Stablecoins have seen a steady decline since TerraUSD lost its peg in May 2022, which caused a worldwide selloff from investors. Despite this, cross-border payments projects involving stablecoins have continued to hit the payments headlines in 2023, as seen below. MoneyGram, Noda and Visa have all announced projects this month.
Pegged 1:1 to fiat currencies, stablecoins have been touted as having the benefits of a digital currency system without the volatility of unpegged cryptocurrencies (though last year’s TerraUSD incident proved they can fail in a big way). From a cross-border perspective, this hypothetically means less costly, faster settlement across blockchain-powered rails that bypass intermediaries, offer more transparency and reduce the potential for fraudulent payments.
Despite a languishing stablecoin market, several leading payments companies are betting that there will be enough demand for stablecoin payments in the future to make them a worthy investment, so that they don’t miss out on revenues associated with stablecoin transactions. Continuing work it began in 2021, Visa recently expanded its stablecoin settlement capabilities, adding pilot programmes with Worldpay and Nuvei and integrating its services with the Solana blockchain, an alternative to Ethereum.
PayPal also finally released its stablecoin to much fanfare last month, but has reportedly seen slow adoption according to Paxos, the coin’s issuer. As of this week, PayPal USD’s market cap is at $44m, which is very low compared to leading coins USDT and USDC – with market caps of $83bn and $26bn respectively.
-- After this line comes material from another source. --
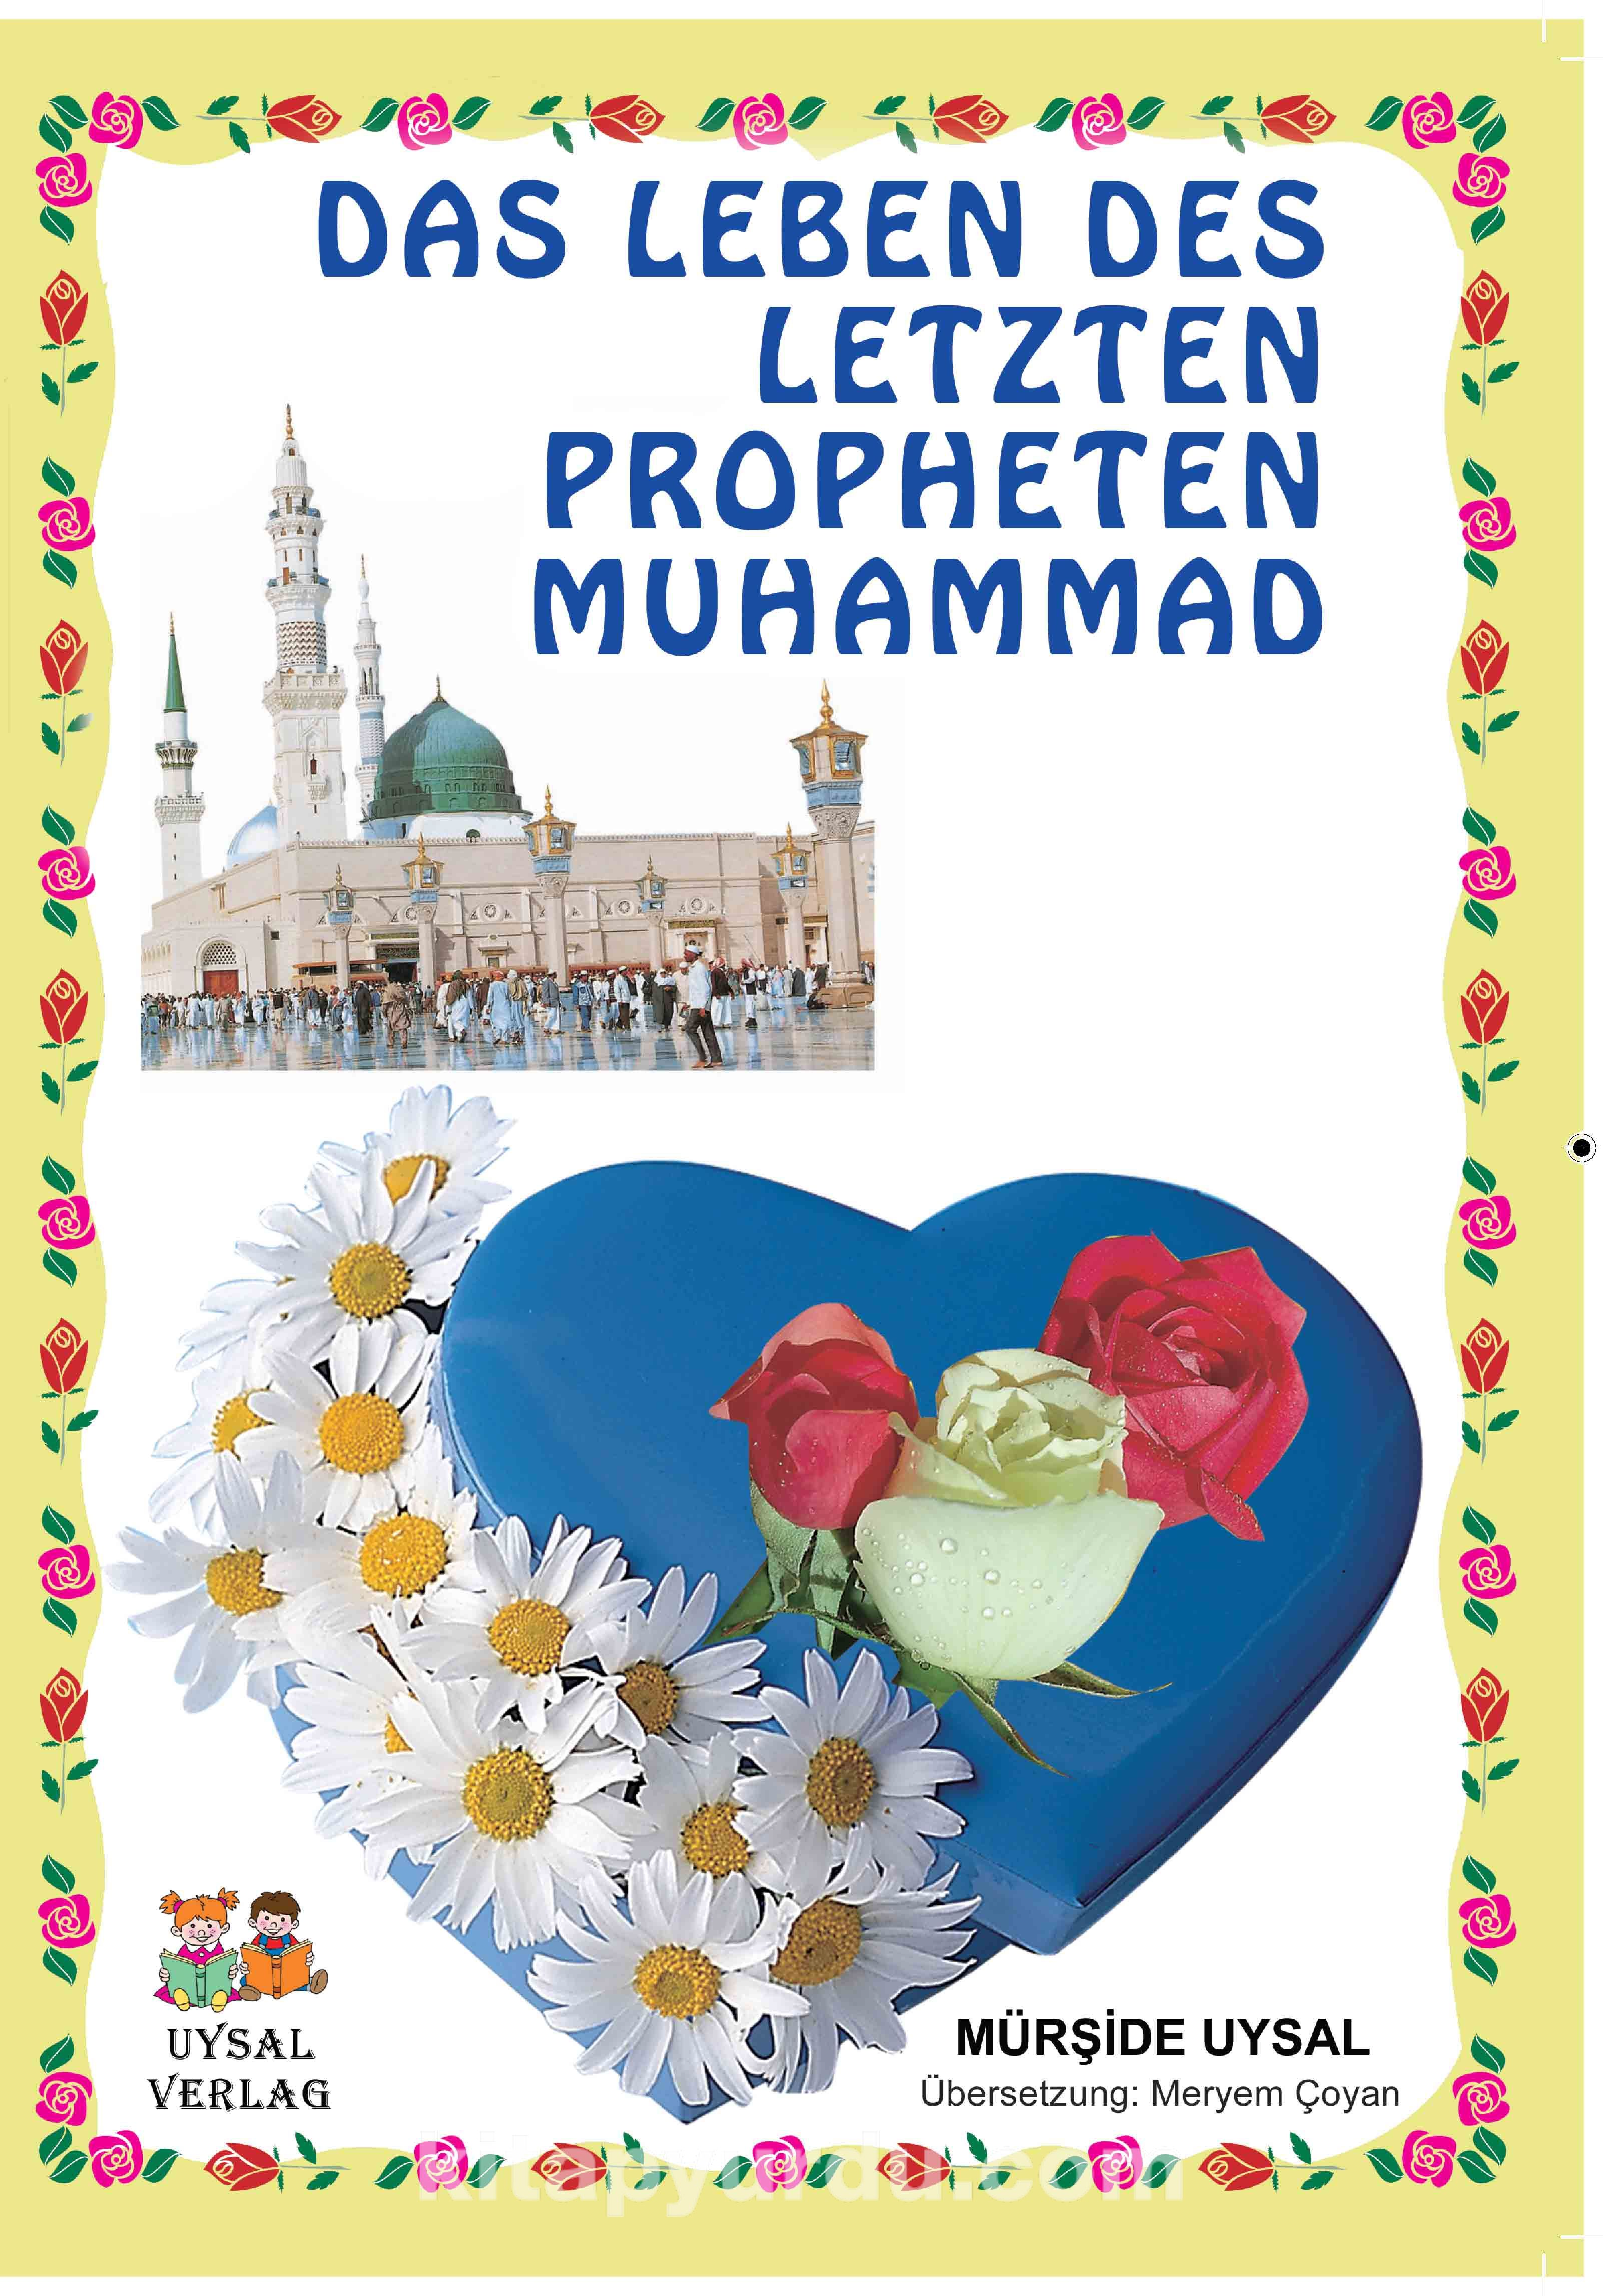 Das Leben Des Letzten Propheten Muhammad (Peygamberimizin Hayatı) Büyük Boy (Kod:145)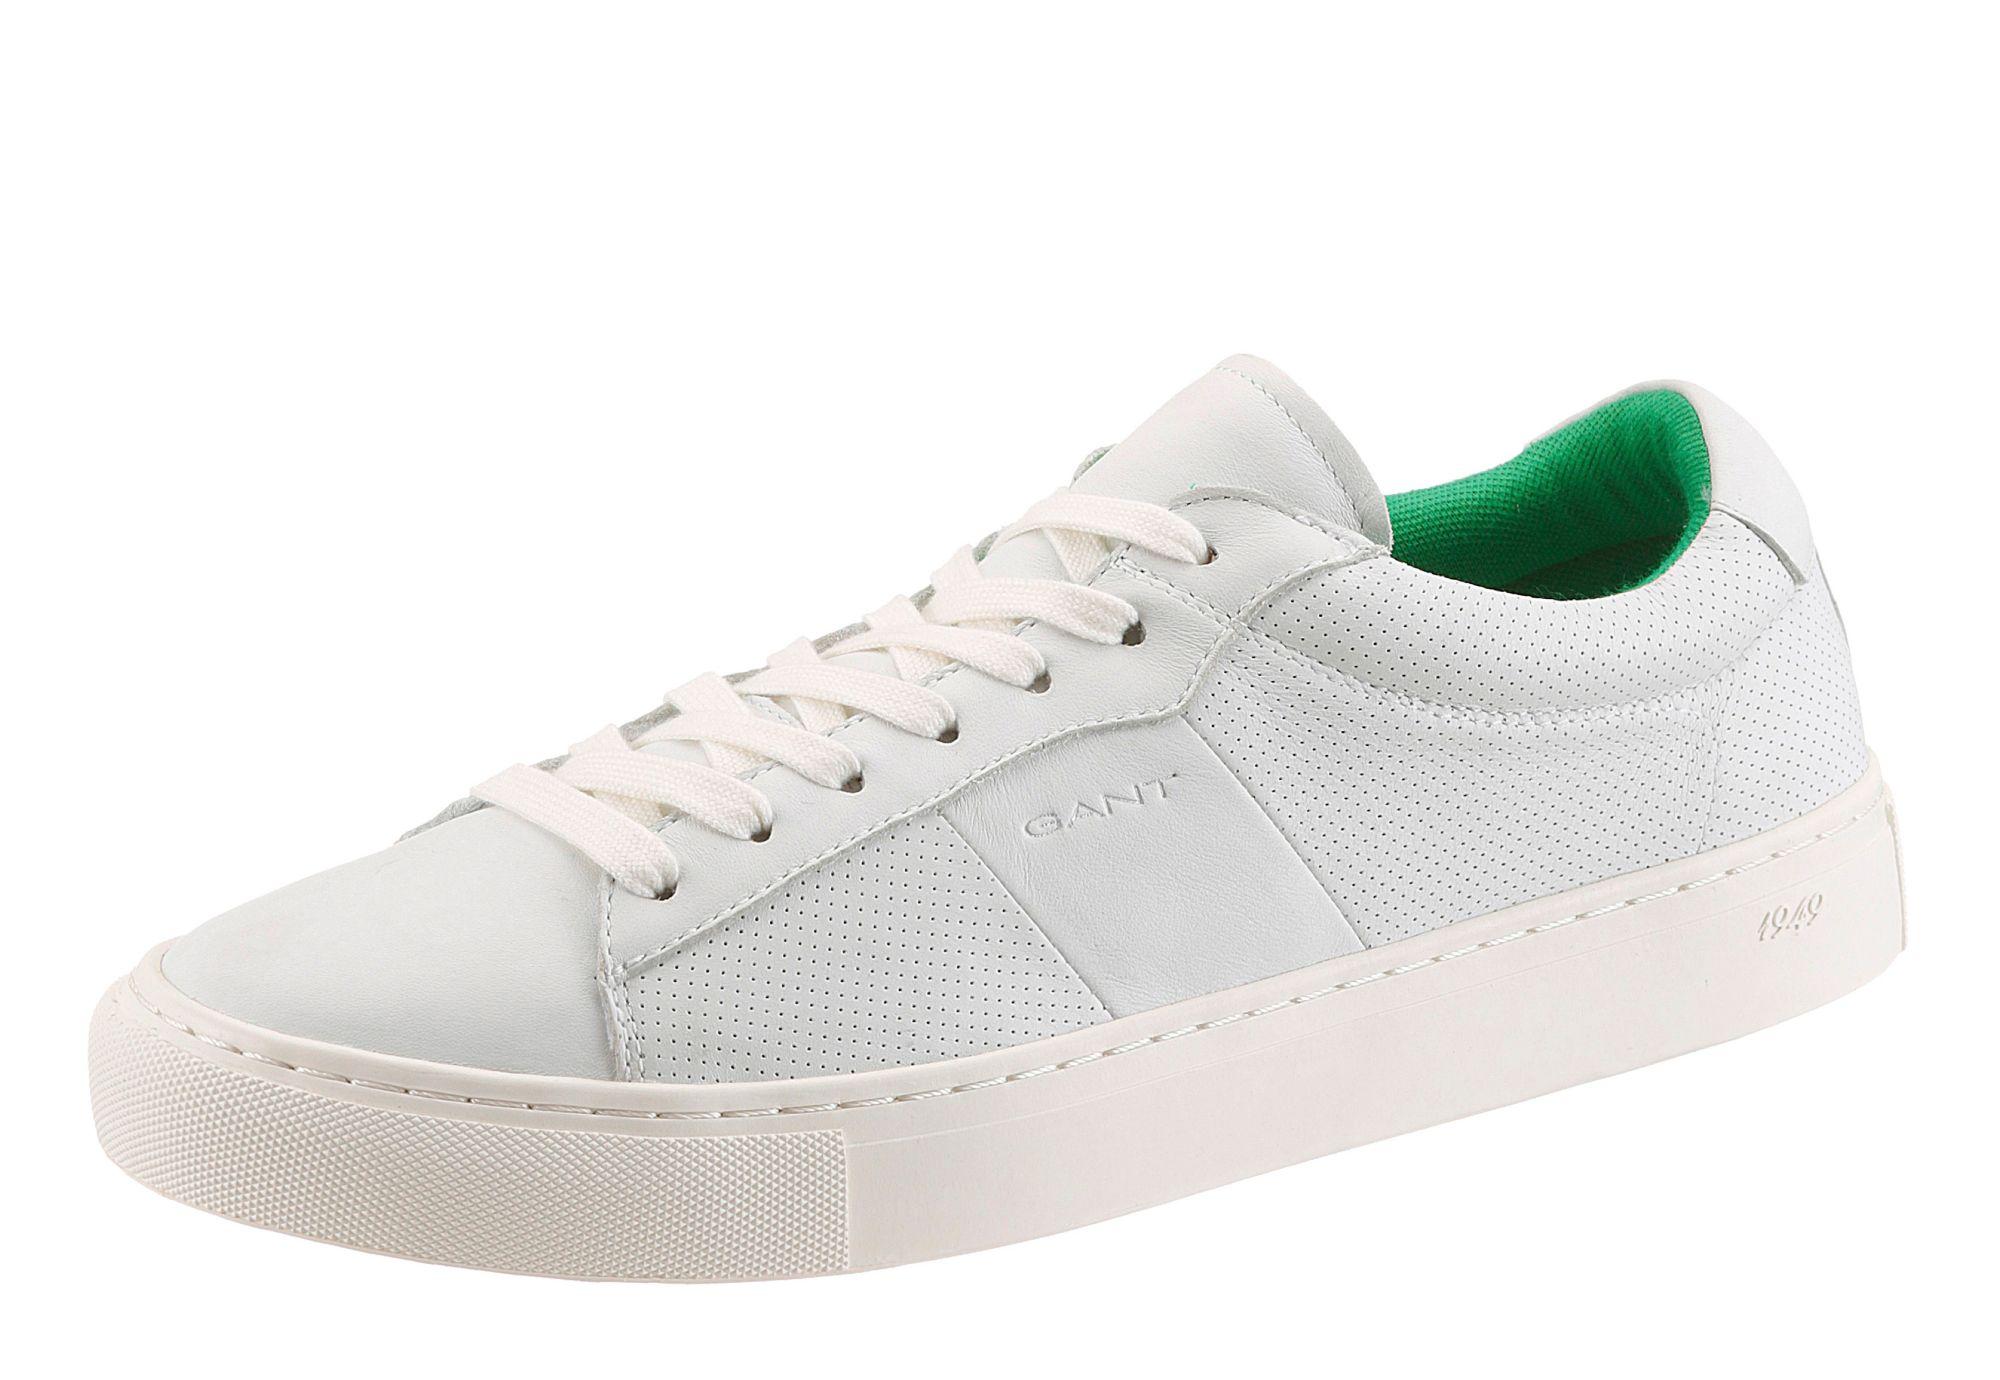 GANT FOOTWEAR GANT Sneaker teilweise perforiert

The majority of cross-border stablecoin projects revolve around USD-backed stablecoins, particularly Circle’s USDC, which is likely due to the overall resilience of the US dollar. However, projects in APAC and Europe are testing the potential of stablecoins across borders, while stablecoins continue to be of interest in emerging markets with a focus on financial inclusion.
Ultimately, stablecoins still have a number of challenges to overcome, the biggest of which is the risk of a coin becoming unpegged and losing its value. As lawmakers in the US and EU continue projects to regulate stablecoins, we will continue to track the space to see whether payments companies’ investment in the concept will pay off.